- [COLLECTED DATA]
+---+

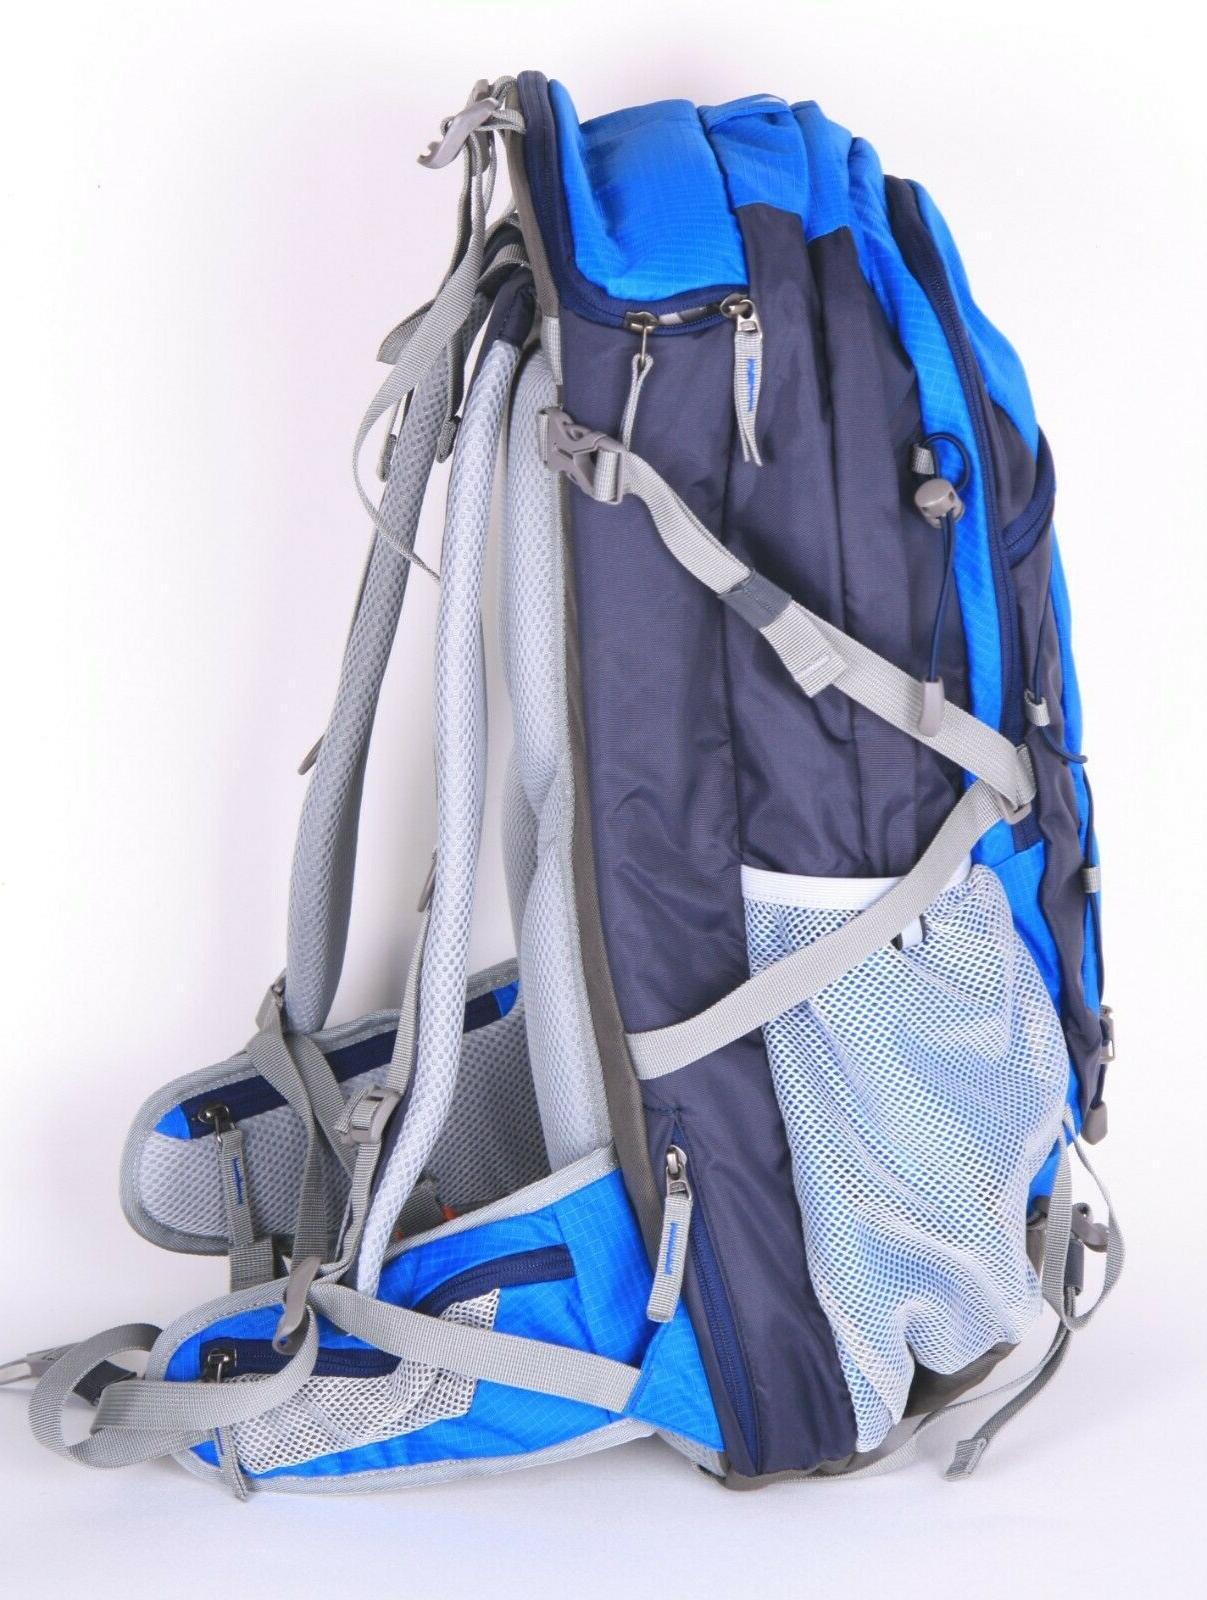 FunShell Hiking Backpack Protection w/ Fan
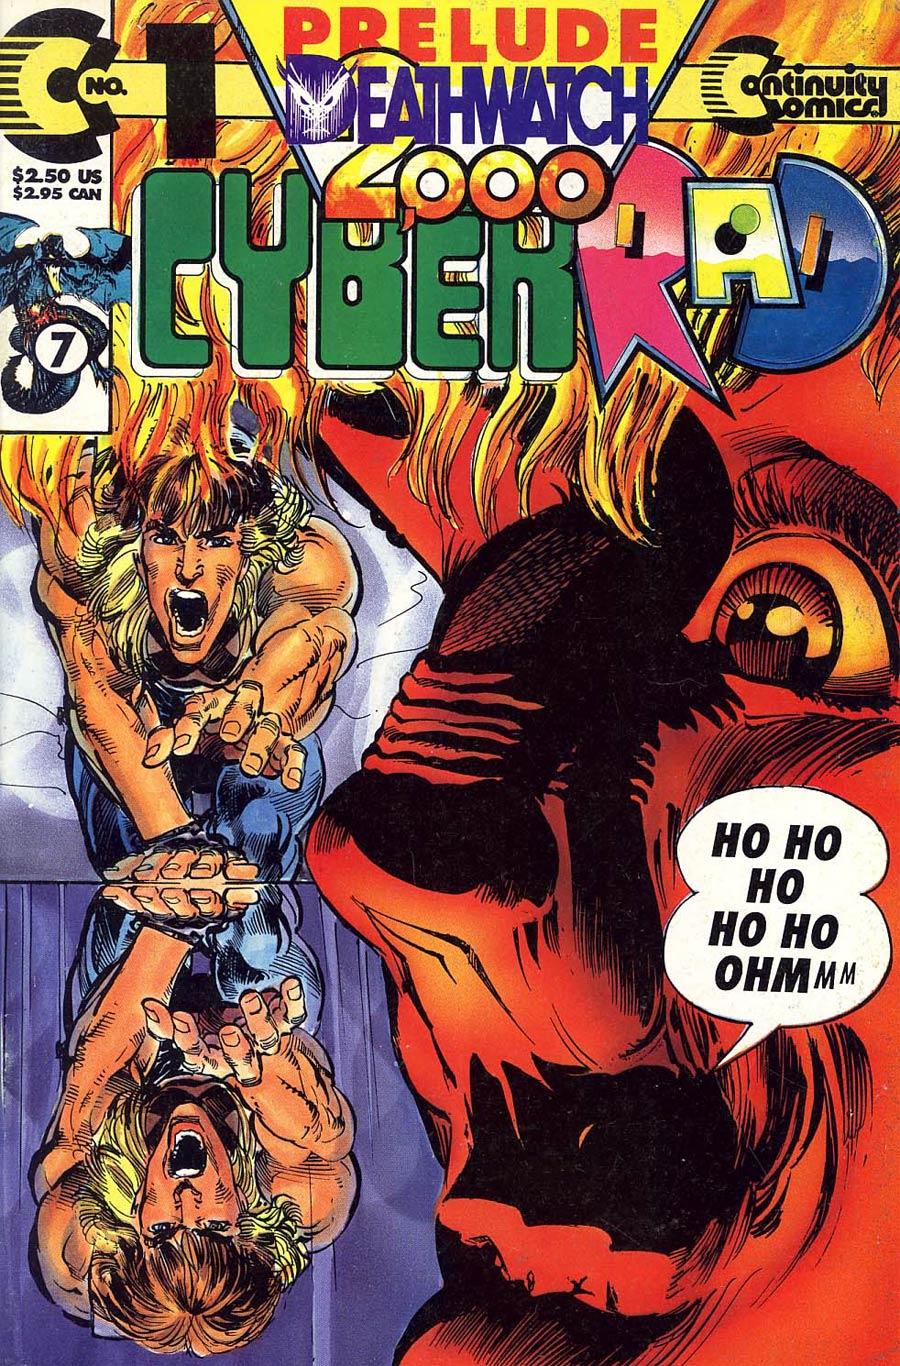 Cyberrad Deathwatch 2000 #1 no polybag
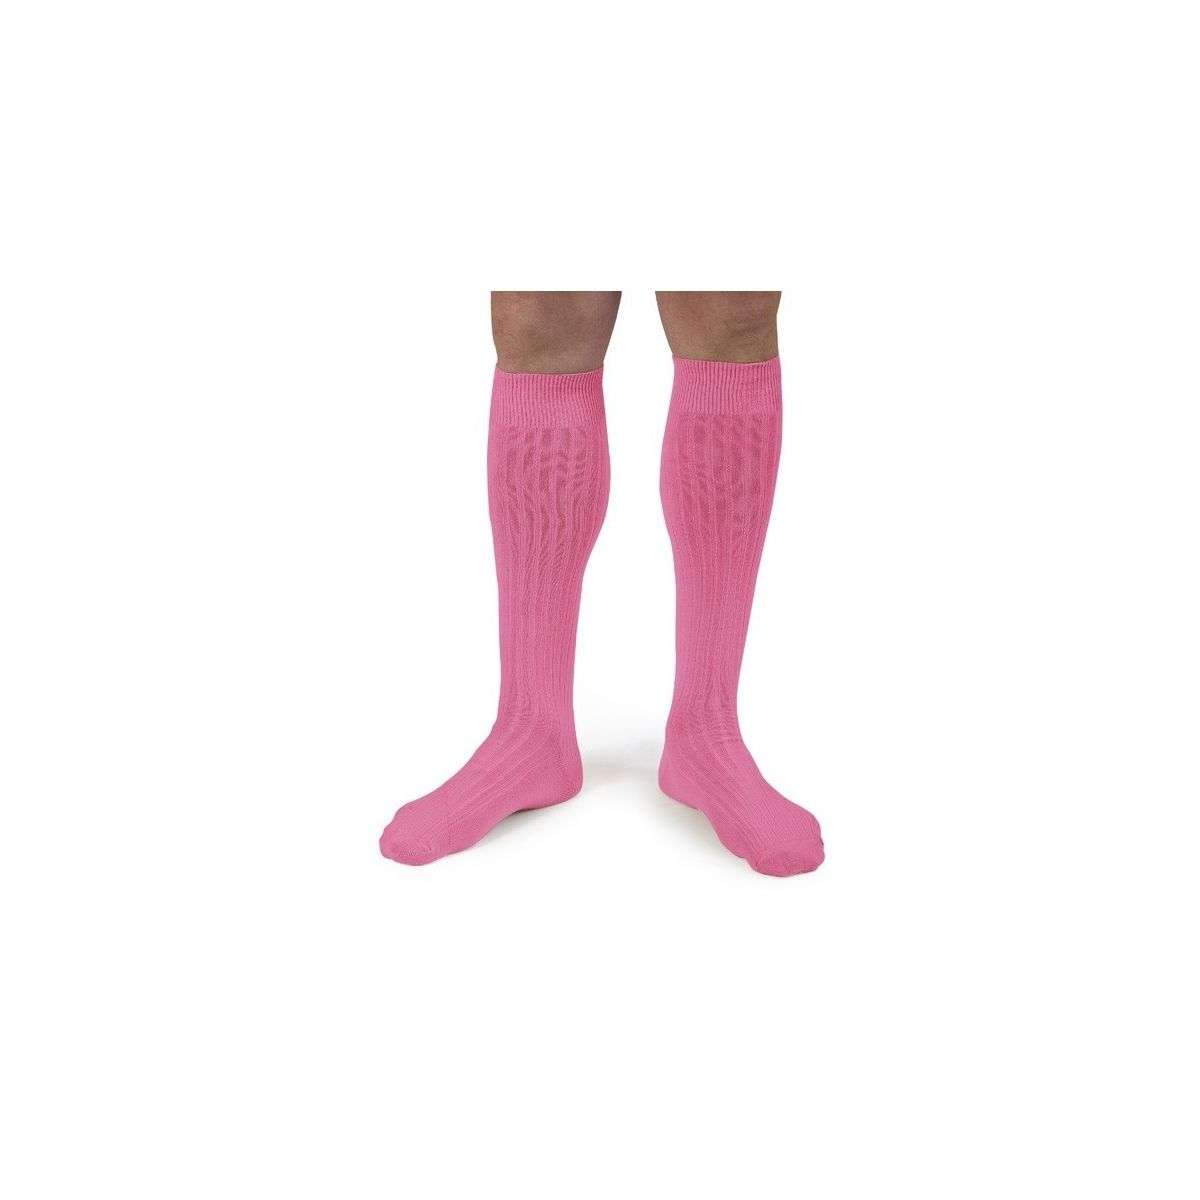 Collégien Podkolanówki Rose fluo neon pink odblaskowy róż
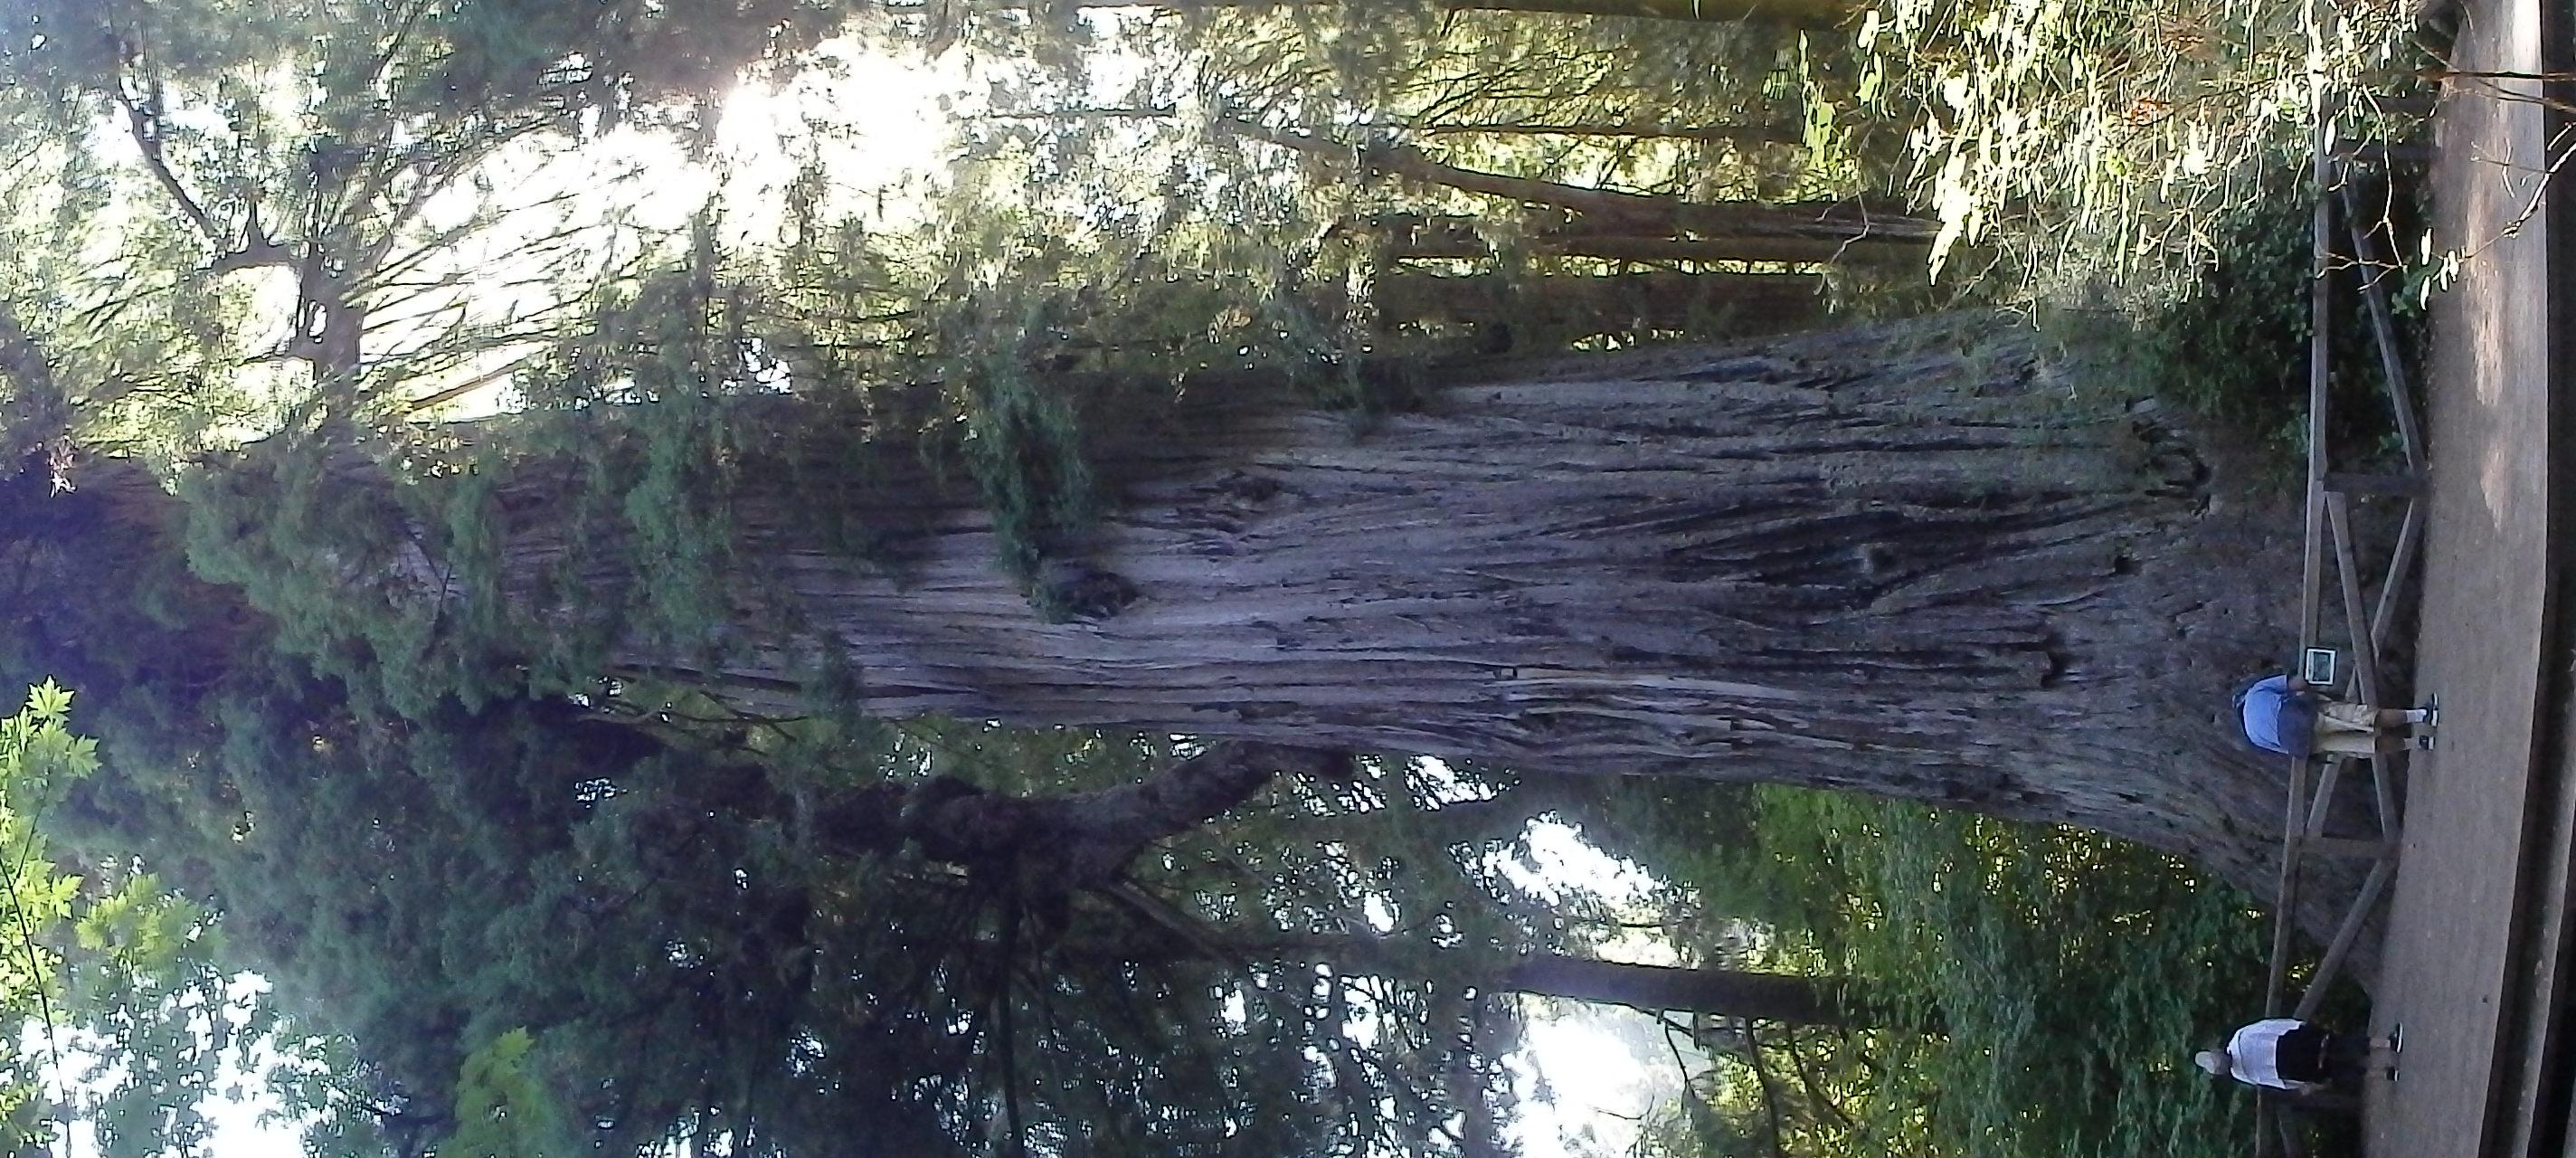 The Big Tree. 300+ feet tall, 21+ feet in diameter, 1500+ years old

+---+

- [PROBLEM] Return the listing above unchanged, apart from dropping its pictures.

- [REPLY]
 FunShell Hiking Backpack Protection w/ Fan
 Cyberrad Deathwatch 2000 #1 no polybag
 Collégien Podkolanówki Rose fluo neon pink odblaskowy róż
 The Big Tree. 300+ feet tall, 21+ feet in diameter, 1500+ years old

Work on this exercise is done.